You don’t have to actually own a boat to perform this exercise. Gyms have rowing machines that you can use to keep your hamstrings, glutes, quads, shoulders, and abdomen going. Using the rowing machine is pretty straightforward. You’d have to sit and lock your feet on the foot straps. You can freely adjust the resistance levels, so you may want to crank it to the lowest level to start. Adjust to higher levels when you feel the need to, but only if you don’t feel severe pain after performing it.

6. Strengthening Upper Body Muscles With An Arm Ergometer

Another useful exercise equipment for persons with an injured foot is the arm ergometer. This machine is just like a bicycle, only that it works on your arms rather than your legs.
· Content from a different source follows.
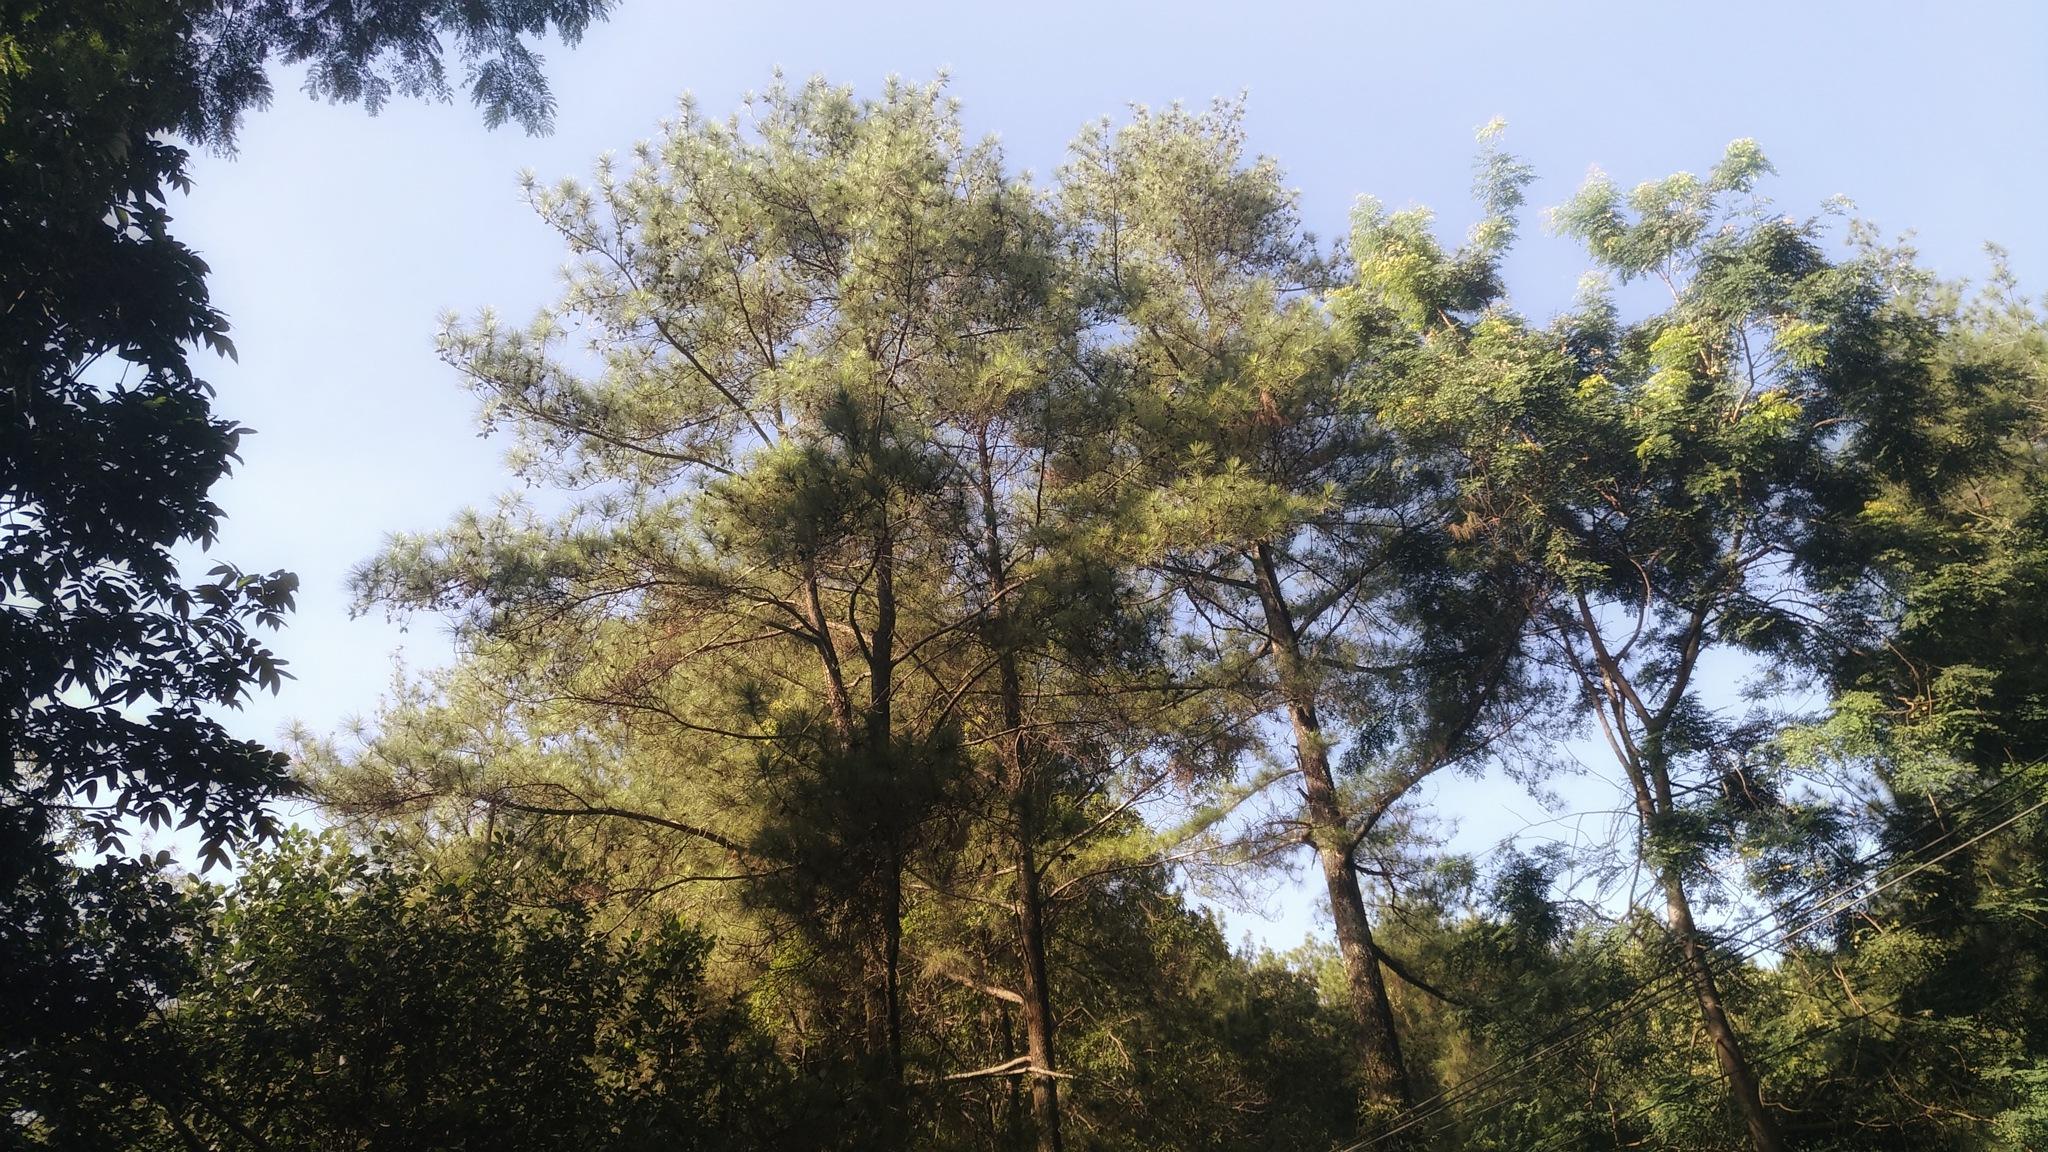 Pine Tree by Bavner Donaldo

Put simply, it’s a bike for your arms.

To use the machine, all you have to do is position yourself on a seat and plant your feet firmly on the ground. Take a grip of the handles and turn the pedals using your arms, just as you would with your feet on a bicycle. This exercise requires upper body endurance, and thus, is a good cardio workout, too.
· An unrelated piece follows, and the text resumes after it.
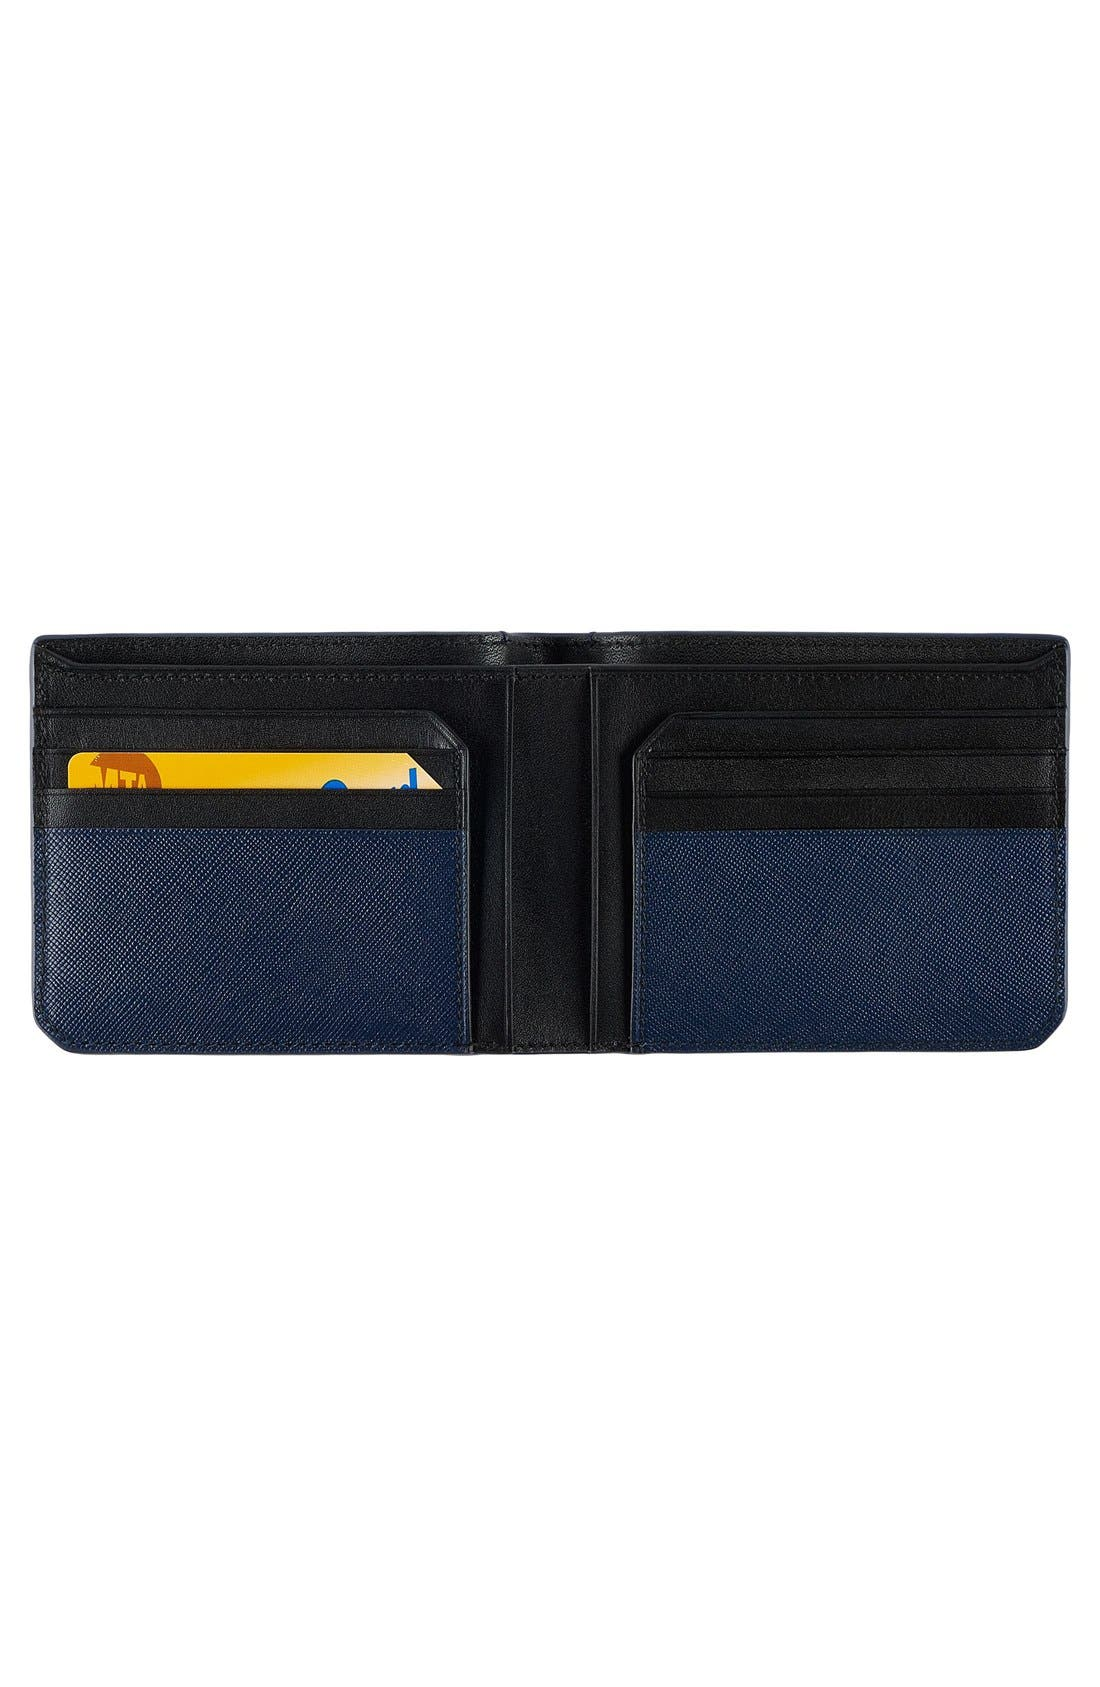 Leather Wallet,                             Alternate thumbnail 2, color,                             Indigo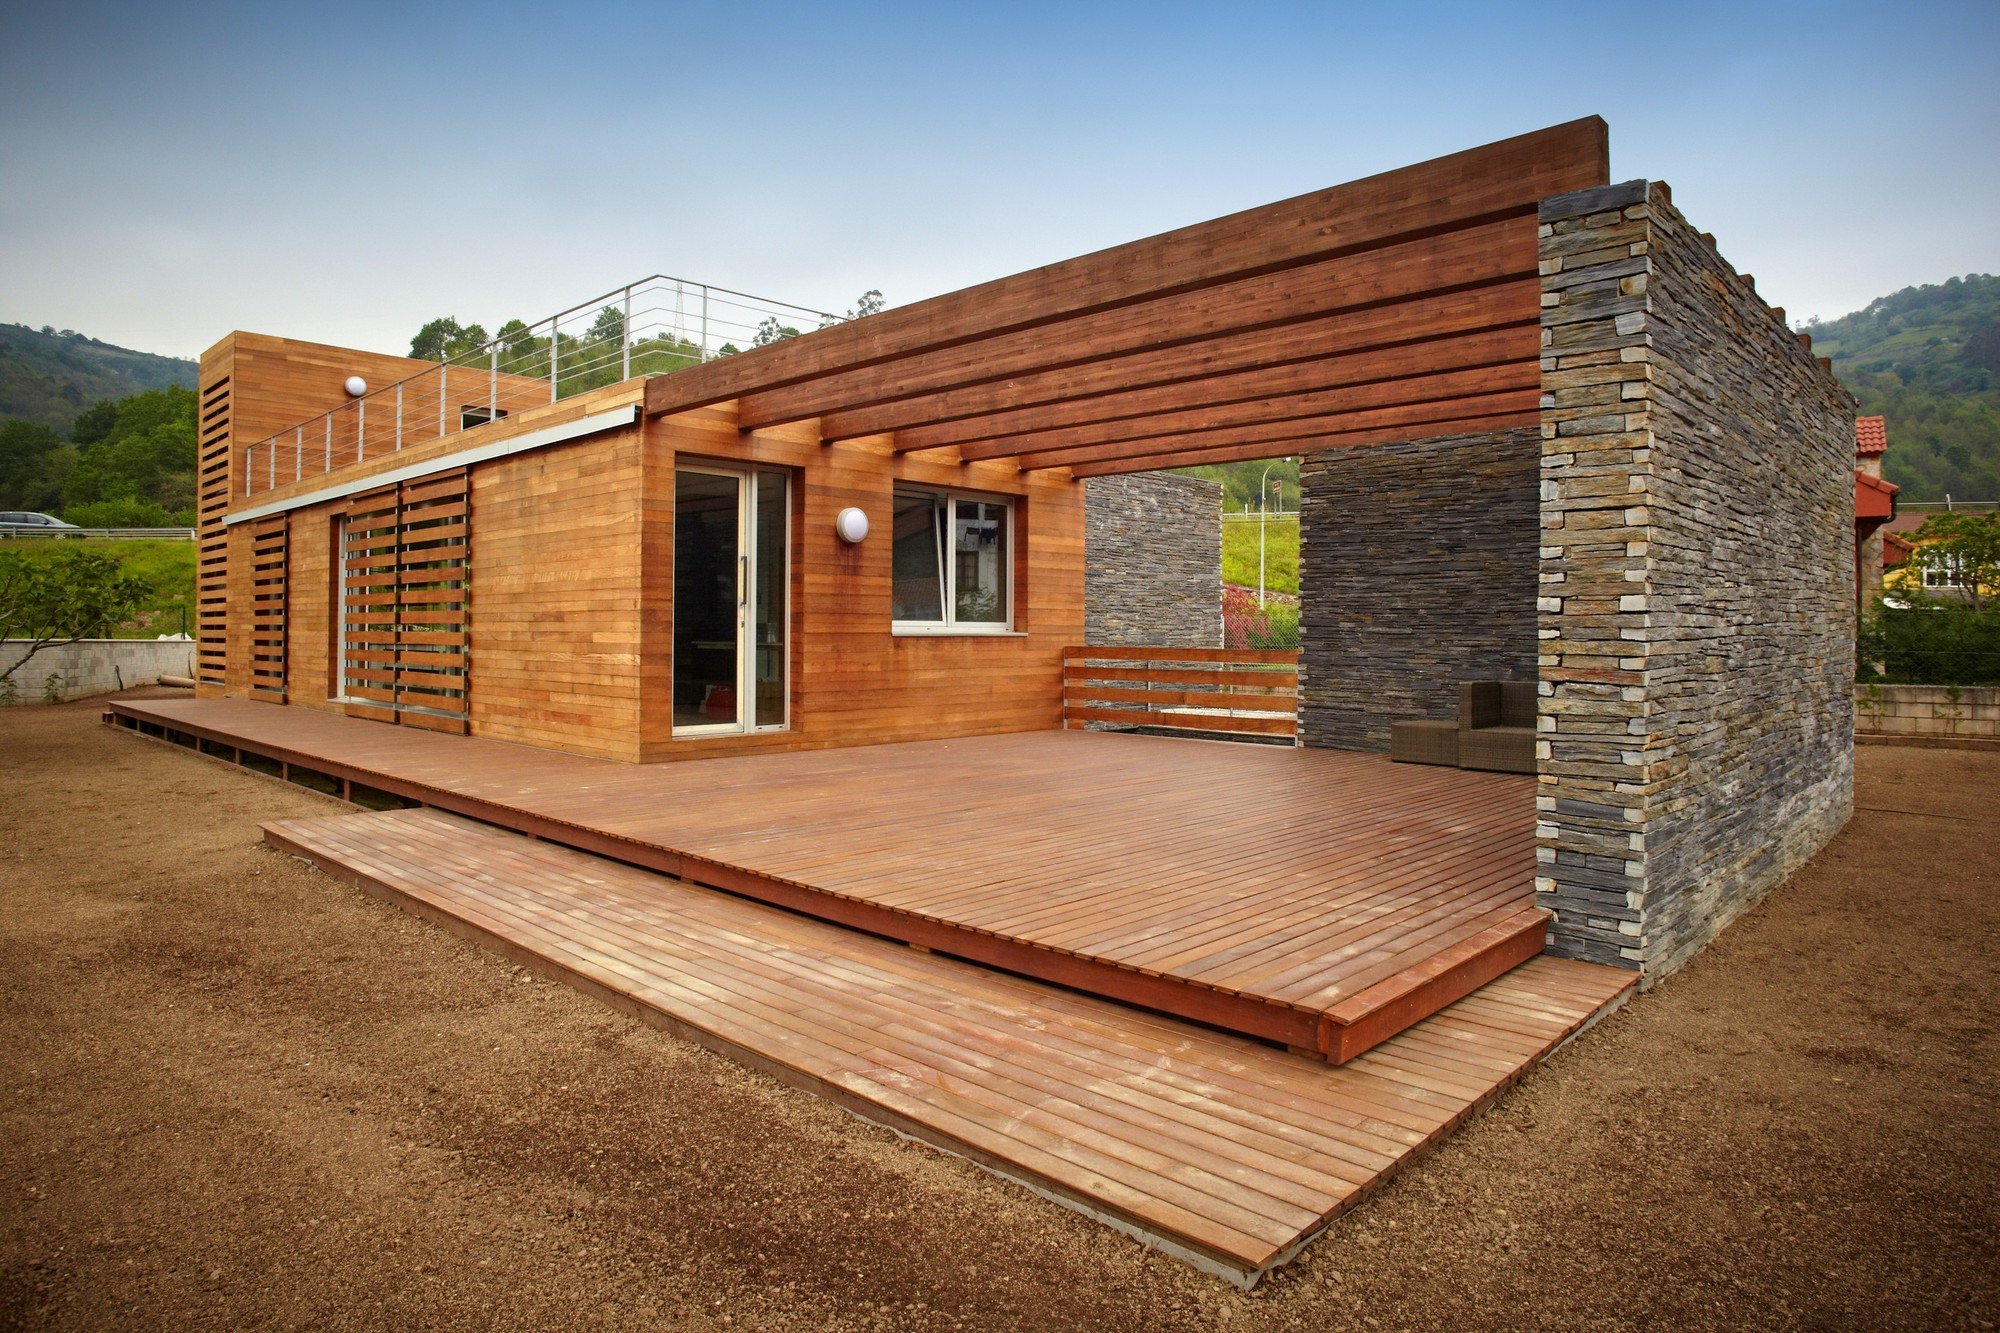 Family House In Pereda / Zwei Estudio Creativo, © Javier Granda

7. Pre- and Post-Exercise Stretches For The Foot

You can also perform the following stretches to increase flexibility. Do this before your workout to prepare your foot, ankle, and lower legs.

  • Ankle Pump Up– Point your toes upward as if you’re trying to touch your toes. This helps improve your foot’s upward movement or dorsiflexion and reinforces your shin.
  • Ankle Pump Down– Point your toes downward until you feel your calf muscles flexing. This helps enhance the downward movement of the foot and strengthens your calf muscles.
  • Toe Flexes- This exercise helps strengthen both the feet and toes. It involves raising, pointing, and curling your toes.
  1. Start by sitting on a chair and planting your feet on the floor.  Raise your heels and hold for five seconds, then lower your heels.

2. Raise your heels again and point your toes until only the big and second toes are touching the floor. Hold this position for five seconds, then lower your feet.

  1. Finally, raise your heels and flex the toes inward. Hold the position for five seconds
  2. Perform at least 10 repetitions.
  • Toe Pick Ups- With foot or ankle injury, the muscles in your foot may become compacted. To improve your toes’ flexibility and strength, scatter small objects on the floor. Pick these items up using your toes then transfer them. Make at least three repetitions daily.
  • Cold Bottle Massage- This is one of the best ways to wind down following your exercise. To do this, all you have to do is chill or freeze a water bottle.Place the frozen or chilled bottle on the floor horizontally and roll your foot over it for about five minutes. If the bottle is frozen, consider placing a thin cloth around it to protect your foot from getting frostbite. Also, make sure to keep your foot moving. Stop if you feel pain or if your foot becomes numb.

The Bottom Line

Supporting your body’s weight and keeping your balance is by no means an easy feat. That’s why you need to take care of your feet not only while performing exercises but every time you move.

In case of an injury, avoid workout routines that place stress on the affected area, such as running and jogging. Your best bet is performing low-impact cardio exercises such as swimming, cycling, jumping rope, and rowing.

Additionally, performing specific exercises helps improve foot strength and flexibility. These should be done not only while nursing an injury but as part of a pre- and post-exercise routine.

To avoid re-injuring yourself or delaying your recovery, don’t forget to talk to your doctor before starting your post-injury exercise routine.